Claro. En los noventa todos los políticos argentinos hacían cola para comer con Mirtha Legrand, ir a la cama con Moria Casán o comer fideos con Tato Bores. Y muchas veces para representar en esos programas los papeles que los libretistas armaban para ellos. Así, la política quedó doblemente subordinada: a la lógica de la economía del ajuste, como decíamos recién, y a la lógica de los medios. Que además son dos lógicas que sintonizan muy bien entre ellas. Me acuerdo perfectamente del programa de Mariano Grondona durante los noventa, y de su división en una serie de “bloques”. El programa tenía siempre un bloque “serio”, o un par de bloques “serios”, que eran los bloques en los que venían Roberto Alemann, Domingo Cavallo o cualquiera de los economistas del ajuste, que hablaban un lenguaje técnico supuestamente serio. Terminado eso venía el bloque, o a veces también el par de bloques, medio en joda, de los “políticos”, a los que se presentaba como corruptos, chorros, que decían tonterías, que eran patéticos, que se peleaban entre ellos. Y hacia medianoche, cuando ya nos queríamos ir a dormir, venía el último bloque, que Grondona llamaba “social”: curitas lacrimógenos o personas más o menos filantrópicas que lloraban porque había pobres. Era muy interesante, porque esa misma división del programa en una serie de bloques producía como una escisión entre esferas, poniendo claramente a la economía como dueña de la situación, a la política como saraza de unos chantapufis más bien impresentables y a la cuestión social como no teniendo nada que ver con las dos anteriores. Por cierto, eso replicaba un cierto modo de organización de los saberes académicos y de ciertos prestigios relativos dentro de ellos. Pero volviendo a la pregunta inicial: creo que lo que hoy podemos identificar como vuelta de la política, o de la dignidad de la política, tiene que ver con la inversión de esa doble subordinación. Hoy la política vuelve al centro de la escena frente a la economía. Hasta hace pocos años todos los políticos argentinos querían hablar como economistas. En la actualidad (digamos, de Lavagna para acá) hablan asumiendo el carácter político de su función. Basta escuchar hablar a Mercedes Marcó del Pont, que habla el lenguaje de la política, no de la técnica.

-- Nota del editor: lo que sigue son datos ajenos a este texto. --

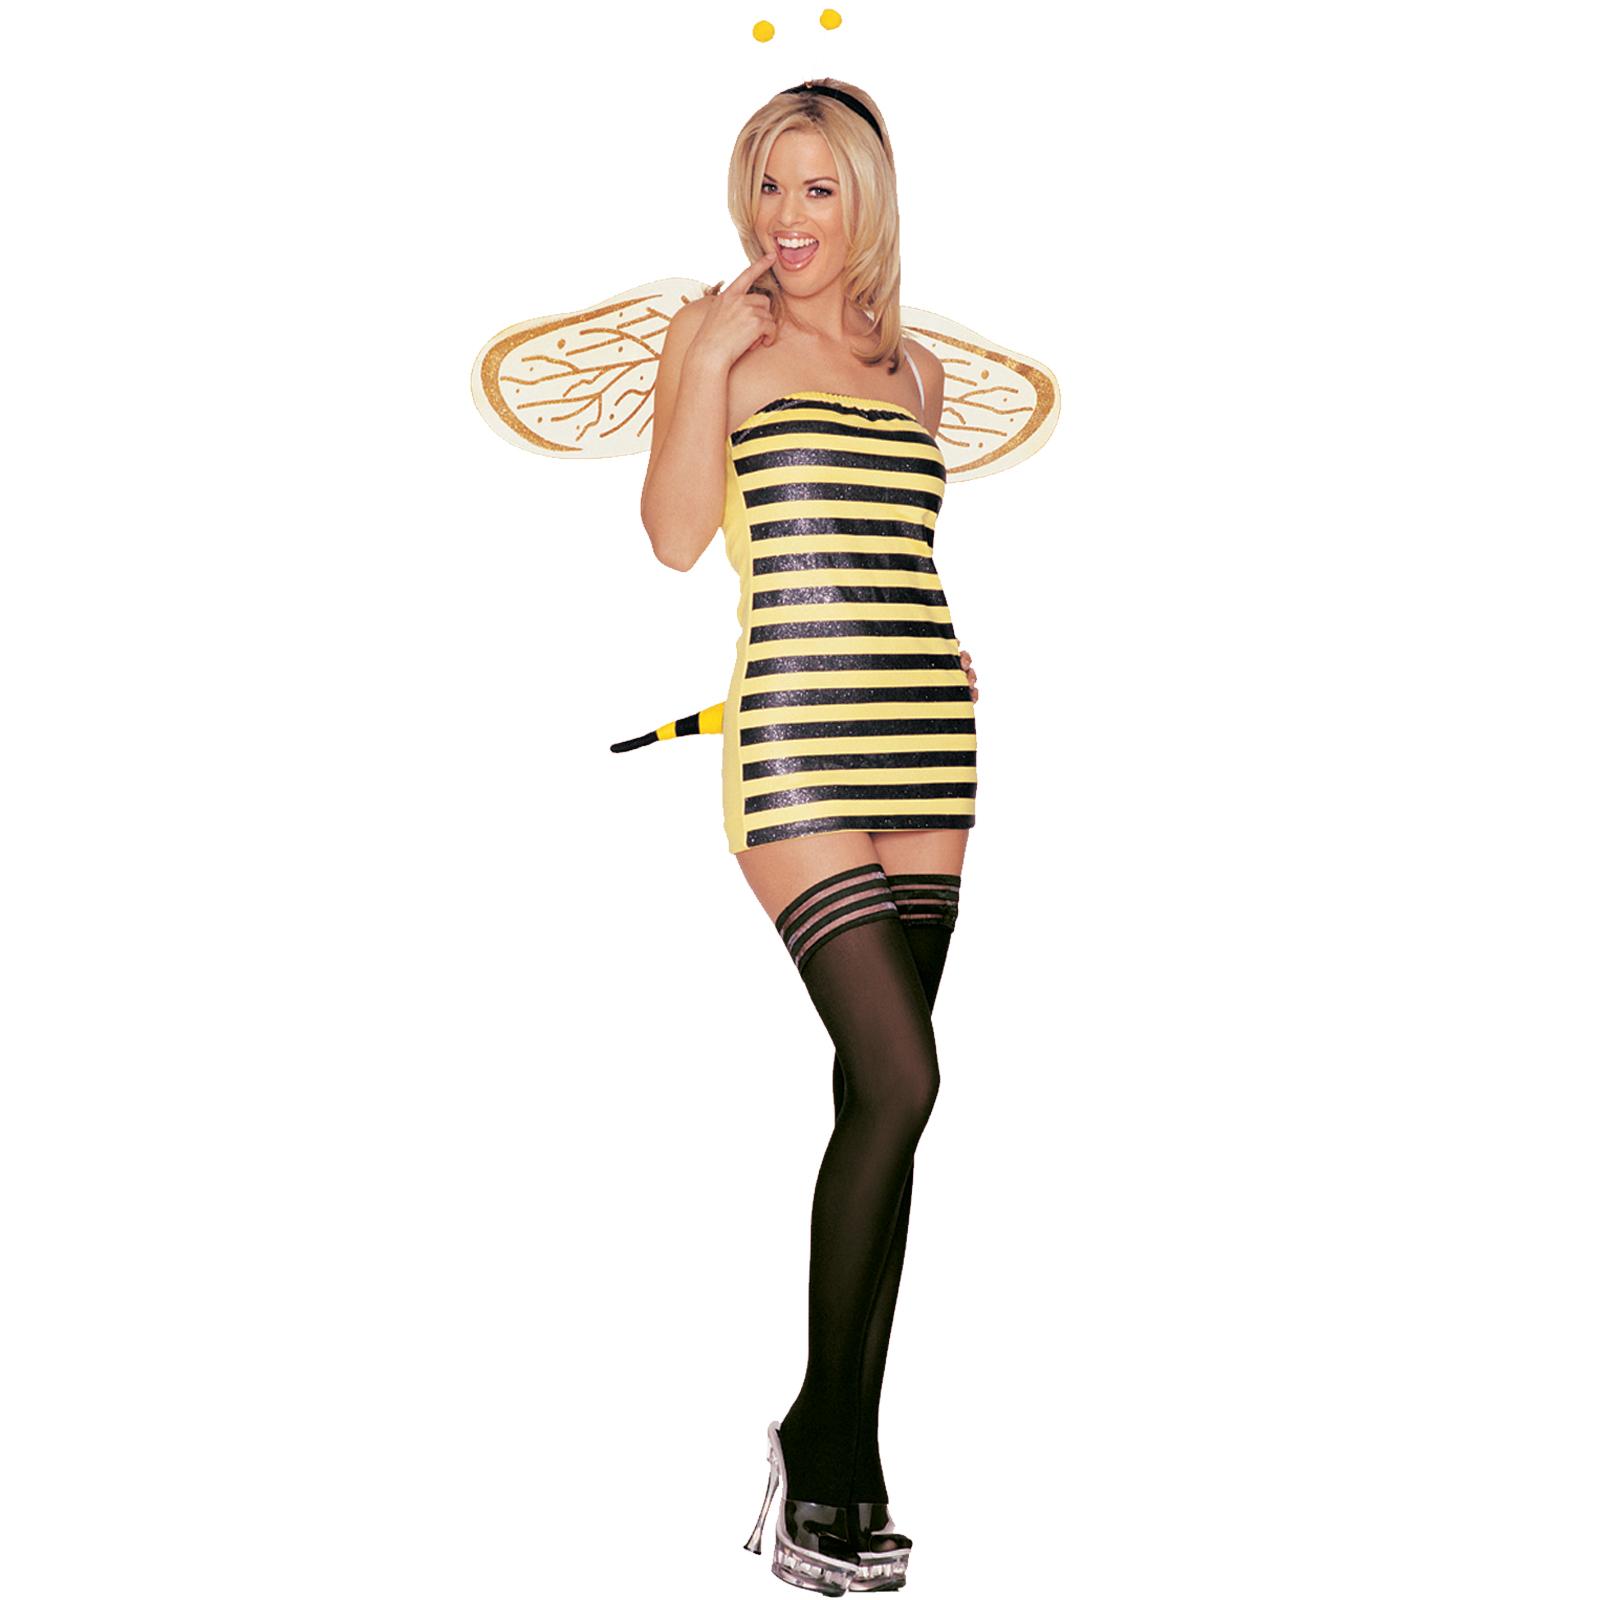 http://images.buycostumes.com/mgen/merchandiser/10655.jpg
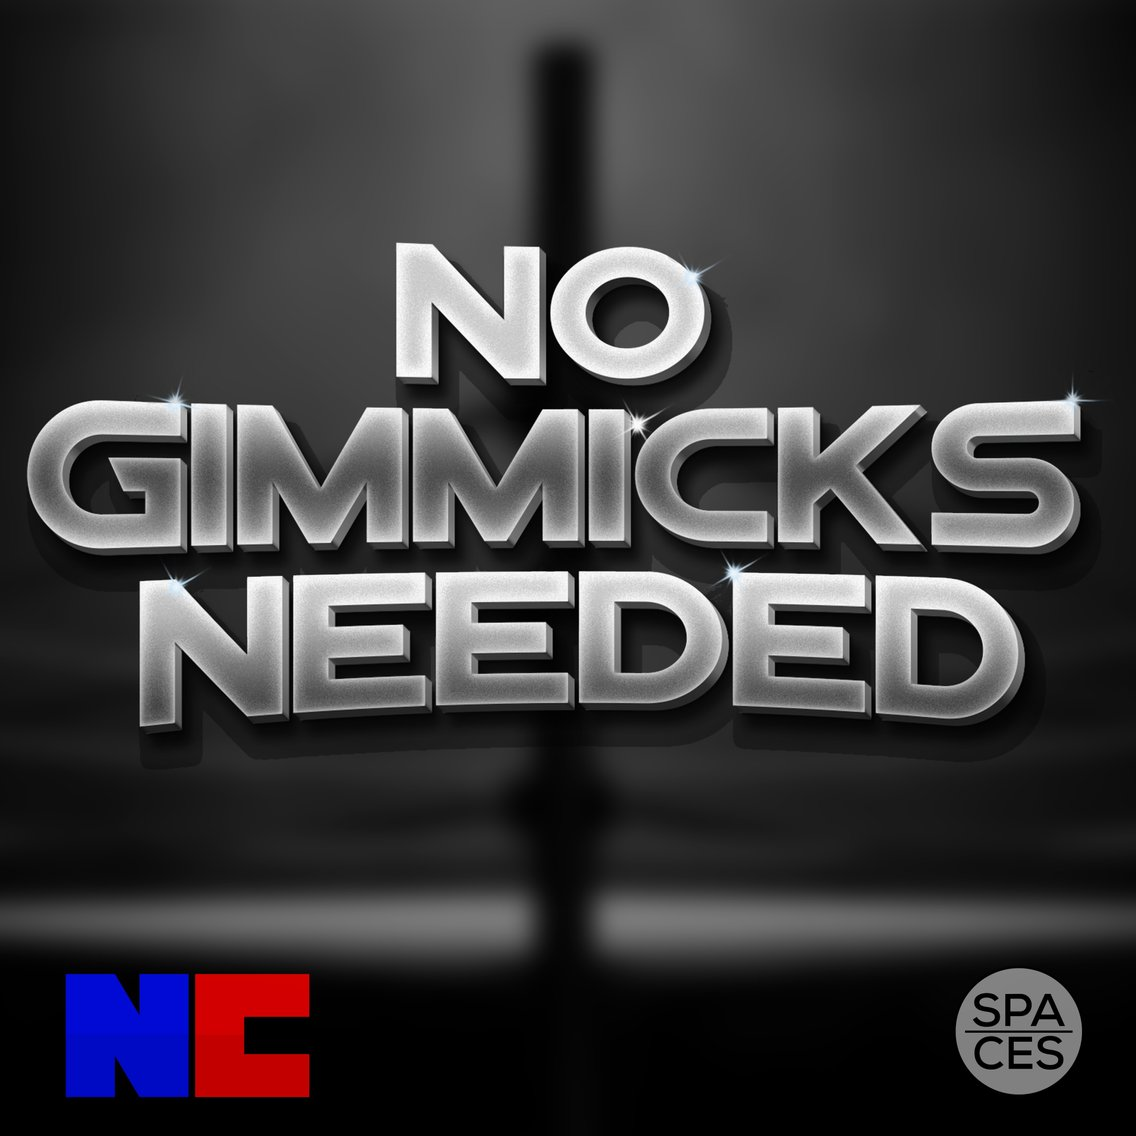 No Gimmicks Needed - immagine di copertina

¿Y qué ha pasado en la televisión?

La televisión ha vuelto también al escenario de la política. Fue muy interesante lo del otro día, lo del día de la reasunción de la presidenta: la televisión filmando en tiempo real un acto político callejero en la plaza. Eso hacía mucho tiempo que no pasaba en la Argentina. ¡Si hasta se ha recobrado esa vieja escena de hace décadas: el presidente, cuando habla al país para la televisión, hablando con el fondo de la bandera argentina y el soldadito parado! Me parece que una conquista indudable de estos años es que se han politizado mucho los debates. Veo como una conquista la comprensión del carácter conflictivo que tienen las cosas. Los problemas en la Argentina no se presentan hoy como problemas técnicos. Está claro que el problema de la 125 no era técnico, un problema de técnica impositiva, sino de política. En esos días es posible escuchar en la calle gente haciendo chistes sobre el diario Clarín, comentando que cómo será la cosa que hasta Clarín dice que esto o aquello. Esas frases, que no se sostenían décadas atrás en la Argentina, revelan una comprensión creciente del carácter político que tienen ciertos enfrentamientos. Es un cambio de peso.

¿Se podría hablar de un cambio cultural?

Me parece que sí.

¿De un momento en que, como usted dice predomina el drama, que es un género donde todo se negocia, y no la tragedia?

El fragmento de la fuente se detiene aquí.